Kinetoplastid parasites exhibit similar biology and genomic sequence, suggesting that associated diseases could all be treated by a drug that modulates the activity of a common parasite target. To identify such an agent, Supek and colleagues first screened more than 3 million compounds for their ability to inhibit growth of each of the parasites Trypanosoma cruzi (T. cruzi), Leishmania donovani (L. donovani), and Trypanosoma brucei (T. brucei), which cause Chagas disease, leishmaniasis and sleeping sickness, respectively.

This screen led to the identification of an azabenzoxazole, GNF5343, as a particularly potent inhibitor of kinetoplastid parasite growth. Optimization generated GNF6702, which had reduced risk of toxicity, improved selectivity over mammalian cell growth inhibition, low clearance, acceptable bioavailability and a 400-fold increase in potency against intramacrophage L. donovani compared with GNF5343.

The efficacy of GNF6702 was then tested in four mouse models of kinetoplastid infection. In mice infected with L. donovani (which causes the majority of visceral leishmaniasis infections), twice daily oral dosing with GNF6702 for 8 days reduced liver parasite burden by up to more than 99%, which was greater than that achieved with miltefosine, the only clinically available oral anti-leishmanial drug. Twice daily oral GNF6702 treatment was similarly more effective than miltefosine in a mouse model of cutaneous leishmaniasis: it significantly decreased footpad parasite burden and swelling in mice with footpad Leishmania major infection.
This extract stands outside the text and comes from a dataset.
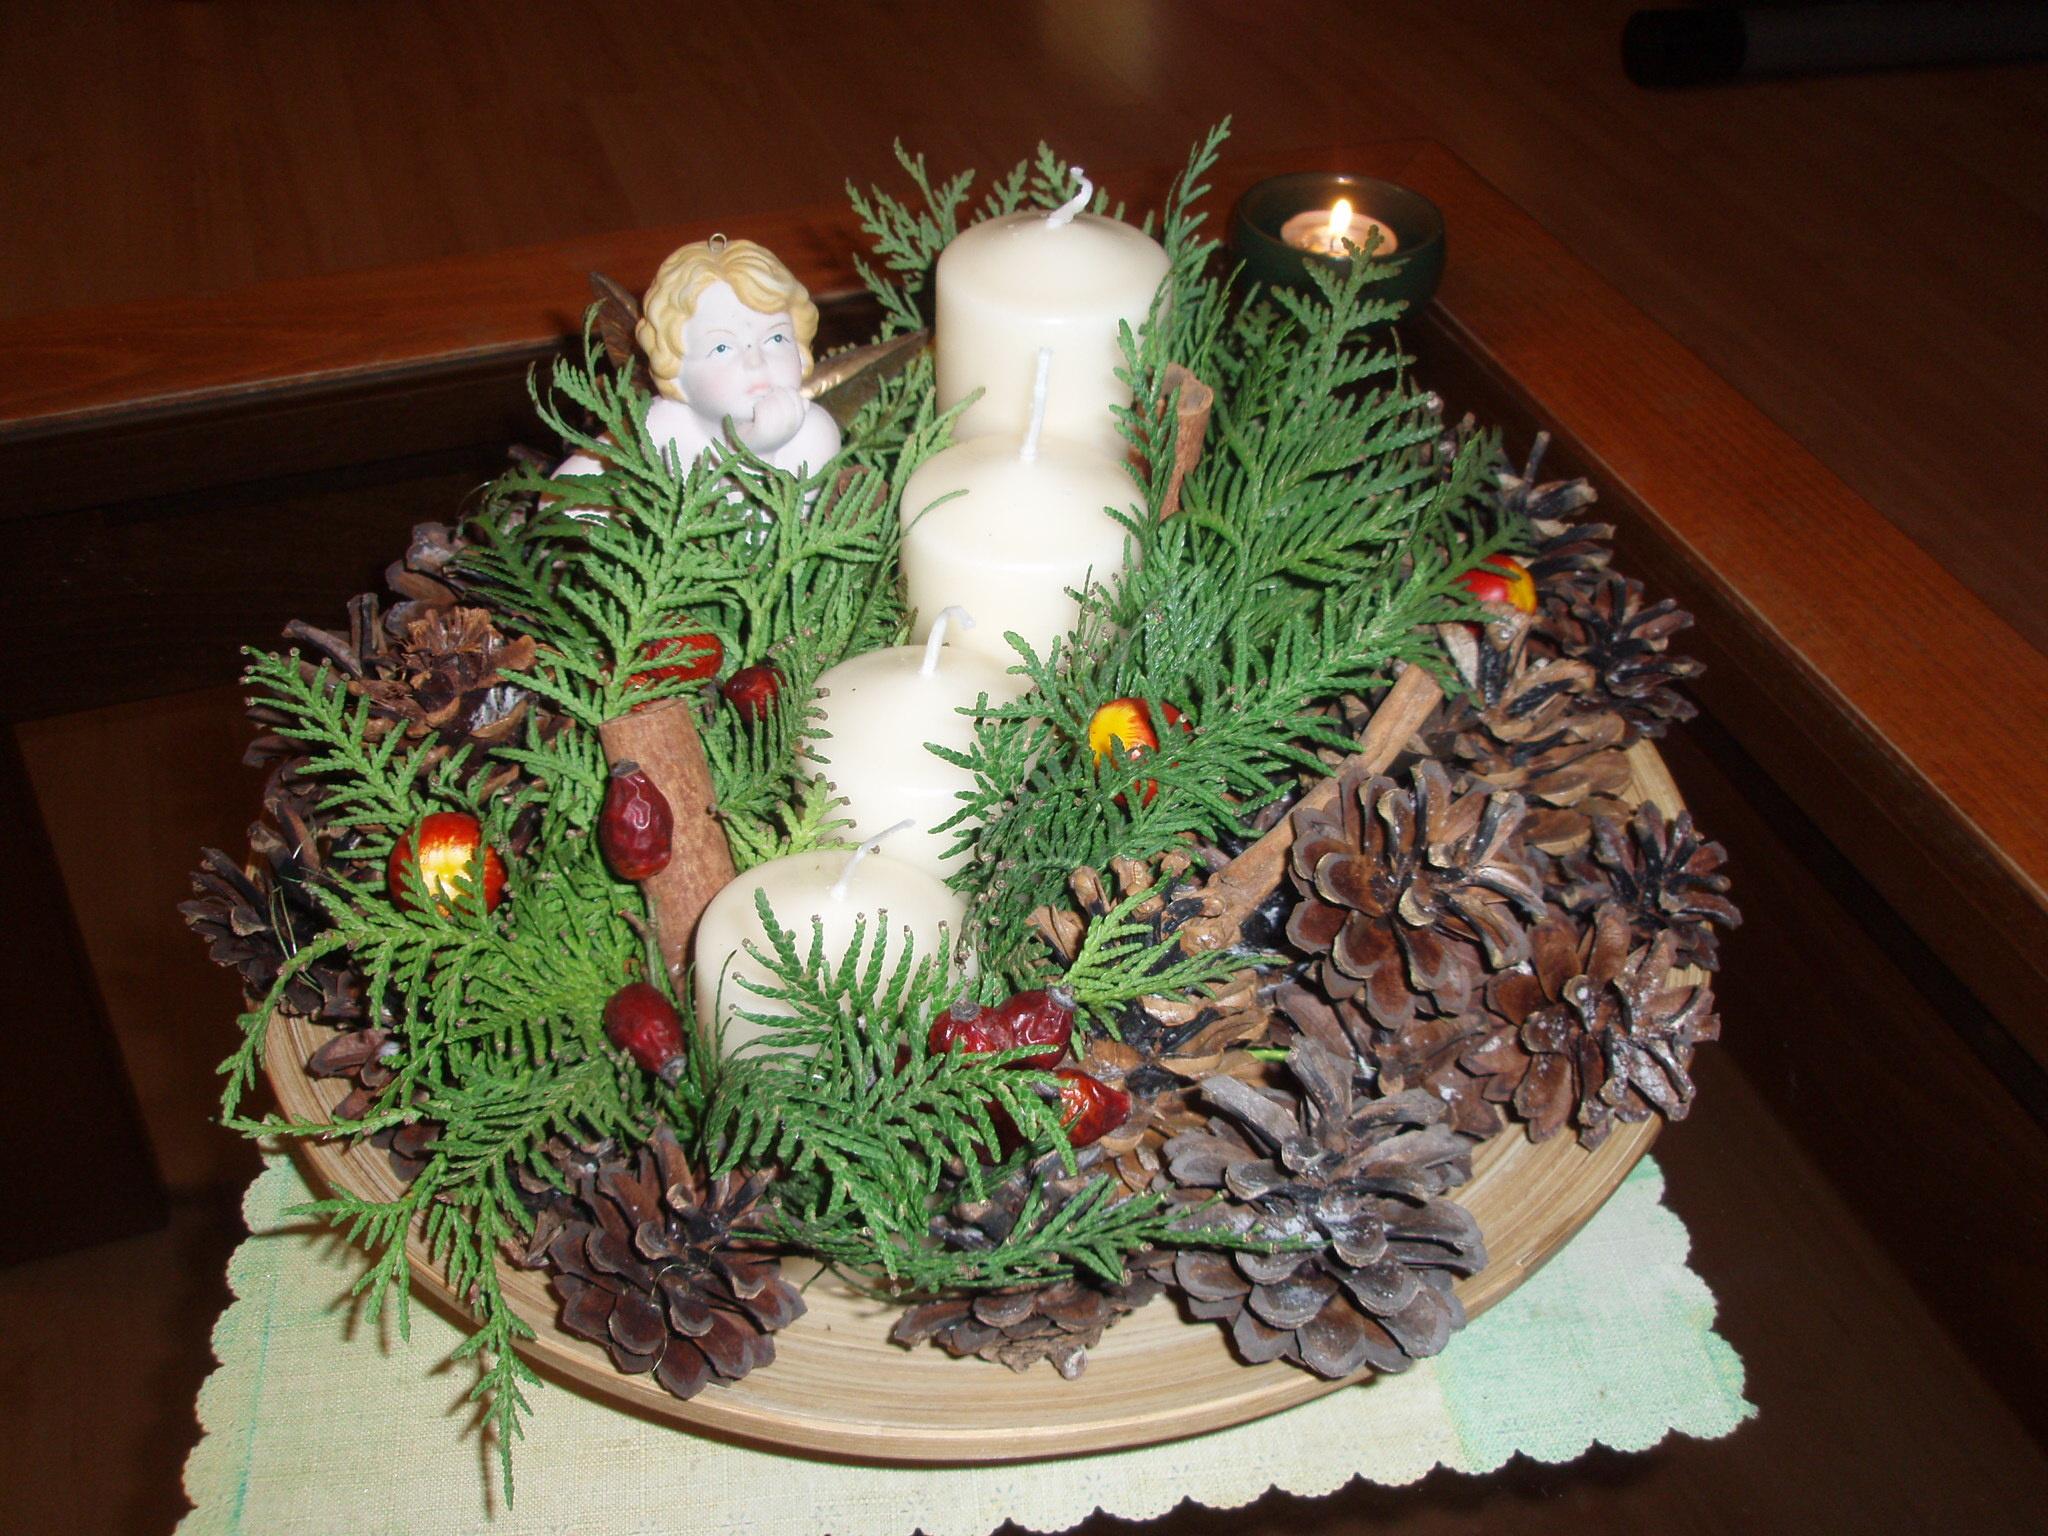 Vianoce sa blížia, a tak prinášame ako inšpiráciu aj adventný veniec, ktorý vyrobila čitateľka Slávka.
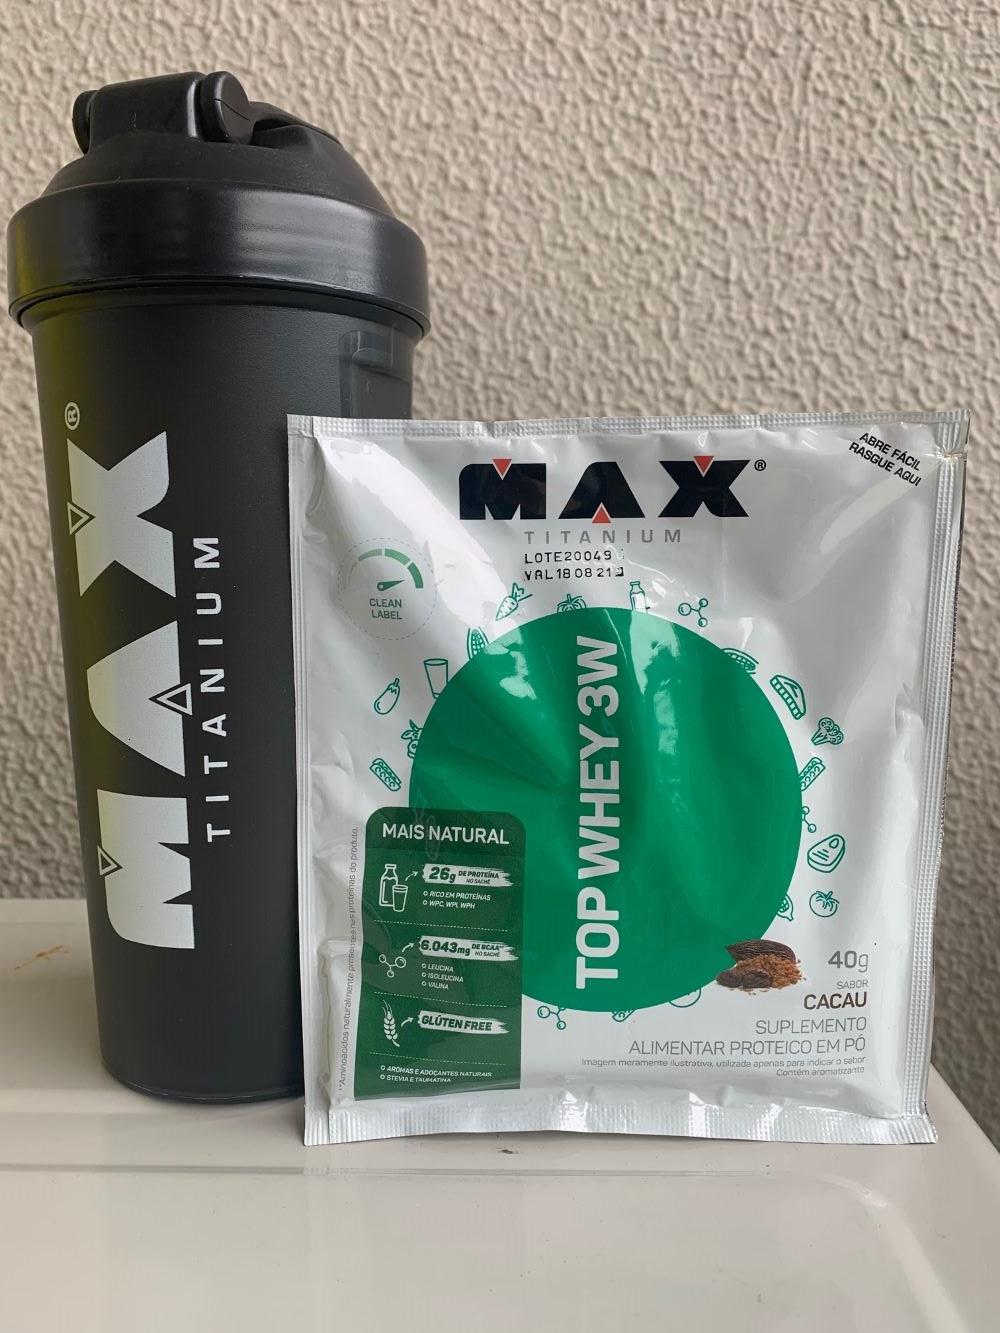 TOP WHEY 3W CACAU SACHÊ 40G (MAIS NATURAL) - MAX TITANIUM

In addition, twice daily oral treatment of mice with GNF6702 beginning 35 days after T. cruzi infection matched the efficacy of orally administered benznidazole, an agent broadly used to treat acute and indeterminate stages of Chagas disease but which exhibits significant side effects. Parasites were undetectable in the blood, colon and heart of all but one GNF6702-treated mice, even after 4 weeks of immunosuppression. Furthermore, in mice with established T. brucei infection in the central nervous system (which mimics stage II sleeping sickness), once daily oral treatment with GNF6702 for 7 days eliminated detectable parasites in the brain, whereas parasites were detected in all mice treated intraperitoneally with diminazene aceturate, a stage I drug that minimally crosses the blood–brain barrier.

Evolution of parasite strains resistant to GNF6702 or its analogues indicated that the parasite proteasome was the primary pan-kinetoplastid drug target of GNF6702. Specifically, an F24L mutation in the proteasome β4 subunit conferred selective resistance of T. cruzi epimastigote isolates and T. brucei bloodstream trypomastigotes to the growth inhibitory effects of GNF6702. Biochemical assays revealed that GNF6702 blocked kinetoplastid parasite growth by inhibiting proteasome chymotrypsin-like activity. Importantly, GNF6702 had no measurable activity on the human proteasome.

In summary, these findings validate the parasite proteasome as a promising therapeutic target for the broad treatment of kinetoplastid infections. GNF6702 is currently being evaluated in preclinical toxicity studies.